红袍道土临死之前,目光怔怔的看着王泽,眸子里充满了不可置信。
“你,你怎么能够控制这把……剑!”
这是那个红袍道土说的最后一句话,然后便猛然闭上双眼。
王泽拔出鱼肠剑,这果然是一把好剑,见血封喉,吹毛立断,不留血痕。
〔只不过,这把剑一般人没有办法控制吗?〕
王泽喃喃想着红袍道土临死的遗言,想半天想不明白,便索性随他去吧!
王泽把寿材铺这边交给警察通知全权负责,自已终于可以脱身,便也奔着谭家别墅而去。
……
……
却说谭家别墅。
蓝天和谭家人在别墅之中等了良久,终于,门铃声再次响起。
蓝天迫不及待去开门,却发现站在门口的根本就不是王泽,而是一个容貌十分出众的女子。
这个女子不是别人,自然就是唐卿卿!
蓝天狐疑的上下打量着唐卿卿。
“你,你找谁?”
虽说唐家和蓝家都是响当当的大户人家。但是蓝家从政,唐家从商,两户人家不在同一系统之内。
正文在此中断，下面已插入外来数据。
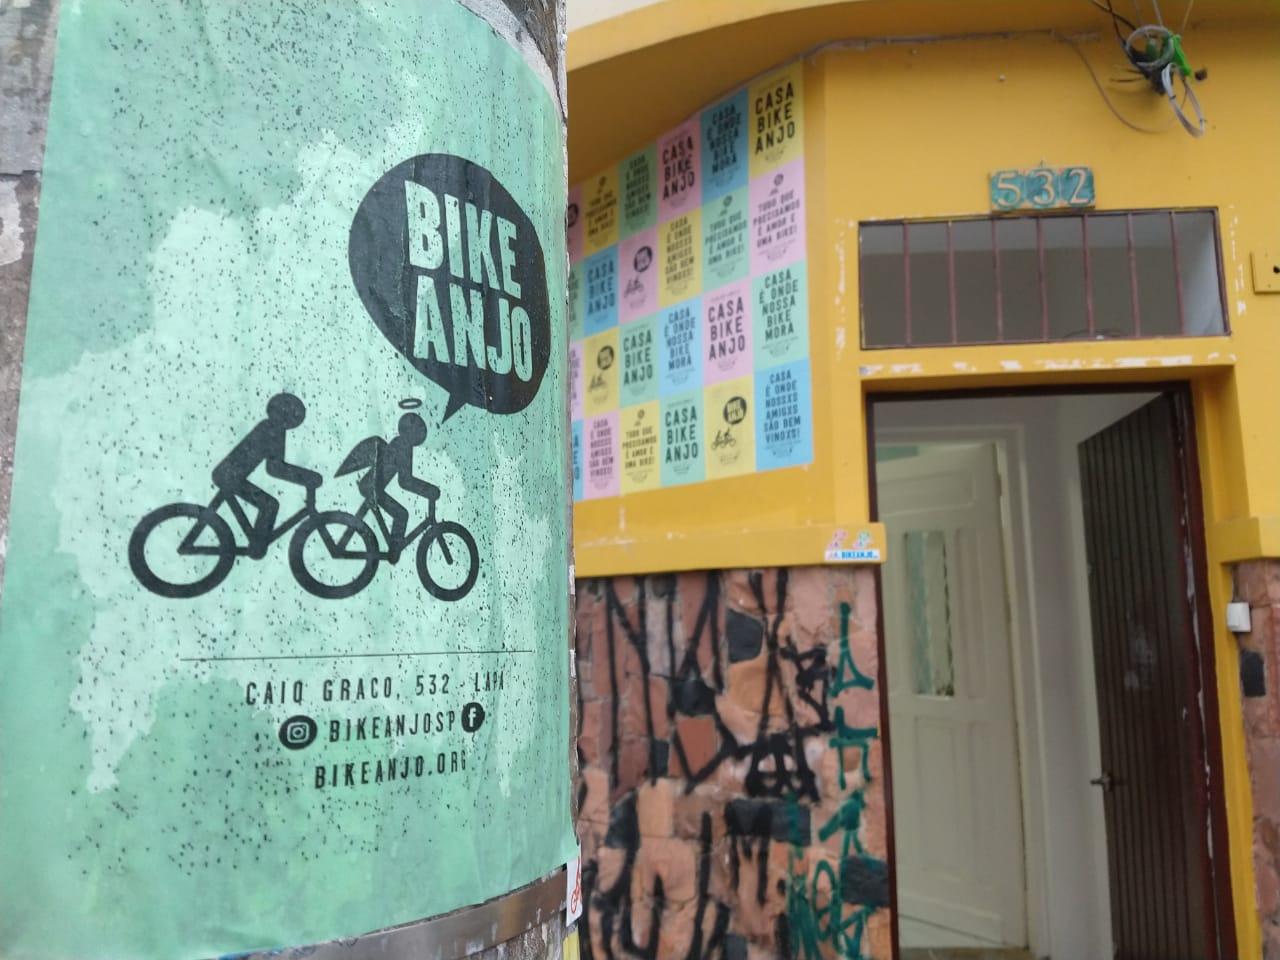 Casa Bike Anjo
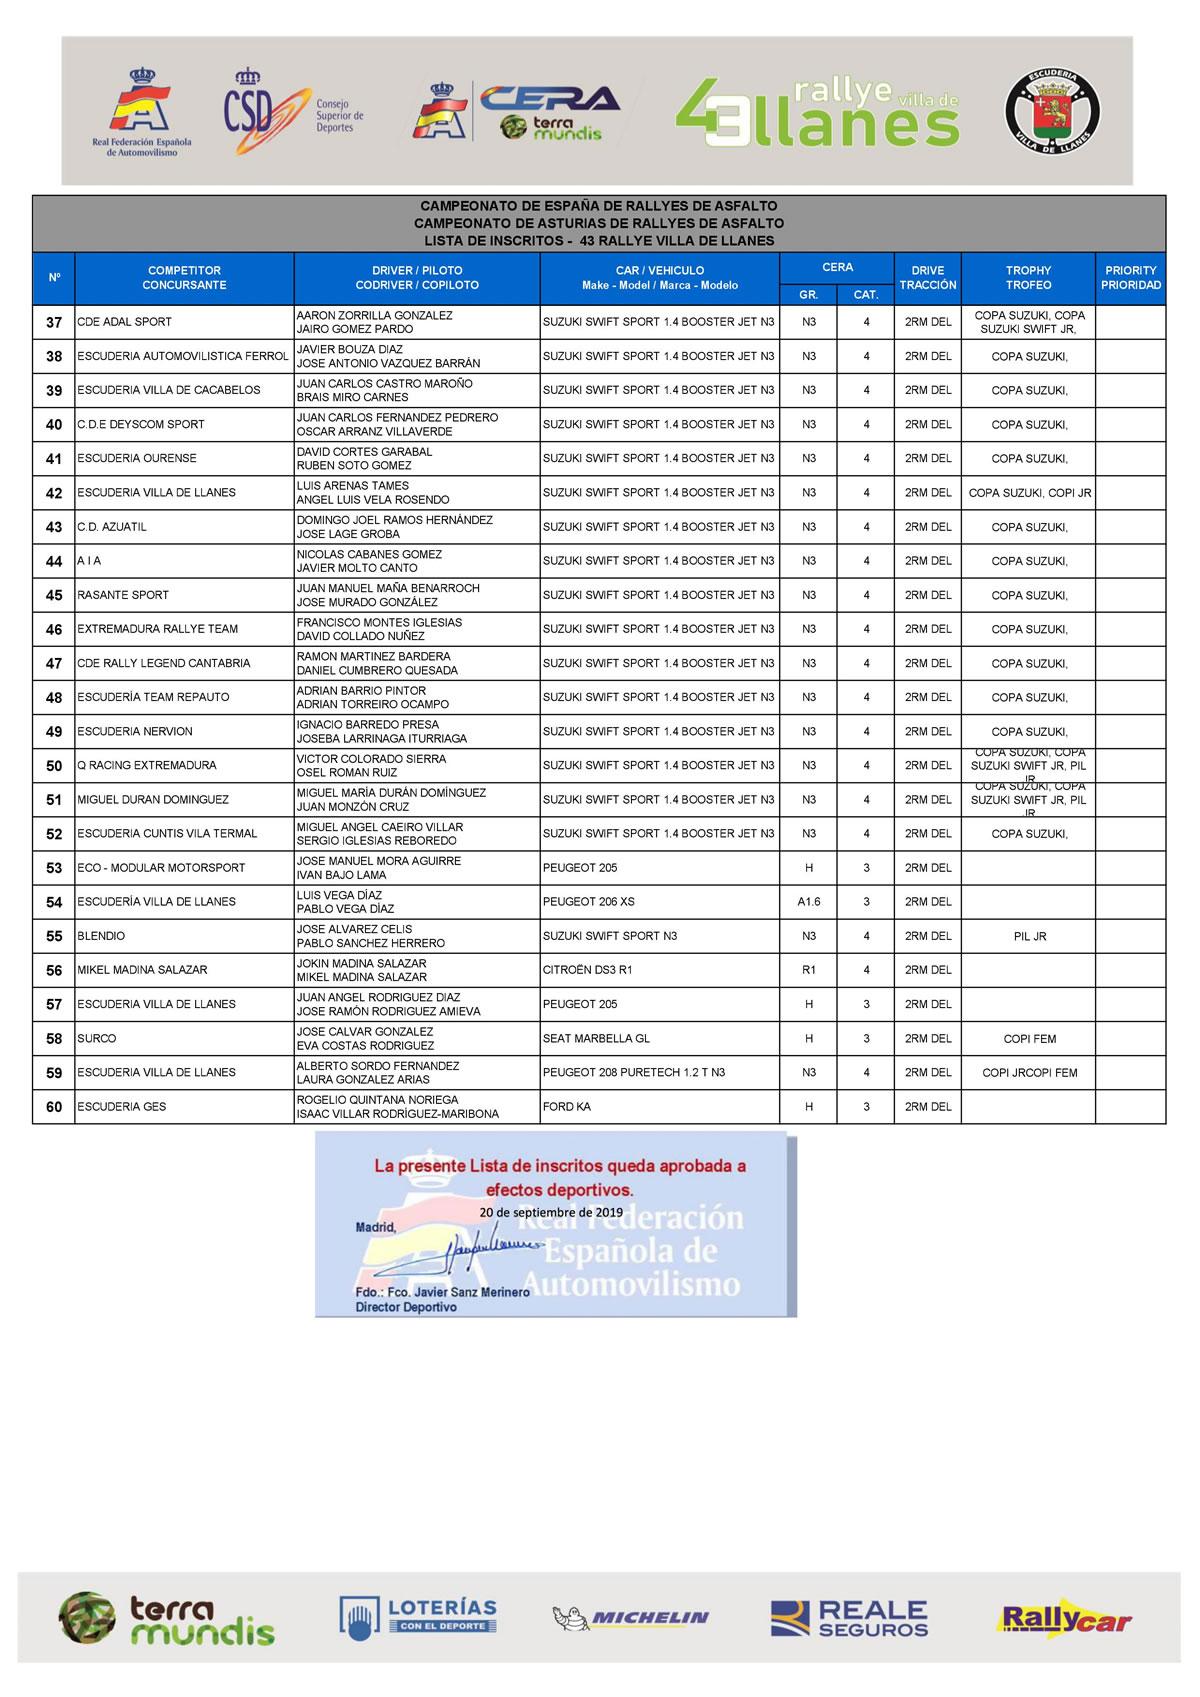 CERA: 48º Rallye Villa de Llanes - Memorial Jesús Manuel Peña Ibáñez [26-29 Septiembre] Lista_Inscritos_CERA2019_2

并且唐家的主产也不在湖阳市。
所以蓝天并不认识唐卿卿,唐卿卿自然也不认识蓝天!
“呃!你好,请问这里有人受伤吗?”唐卿卿声音温柔。
“有,有!是我的女儿!我的女儿筝筝伤的很严重!”蓝天着急忙慌的说道。
唐卿卿自我介绍。
“我姓唐,是王泽叫我来的!”
蓝天一听说眼前的女人正是王泽兄弟派来的,便立刻让唐卿卿进屋,然后带到谭筝的面前。
谭家人看到救兵赶到,一个个心情都是无比的激动。所有人都认为,谭筝这一次总算是得救了!
大家甚至都想知道,唐卿卿这个长得如此美艳,看起来年纪也不大的漂亮姑娘,究竟怎么治病救人?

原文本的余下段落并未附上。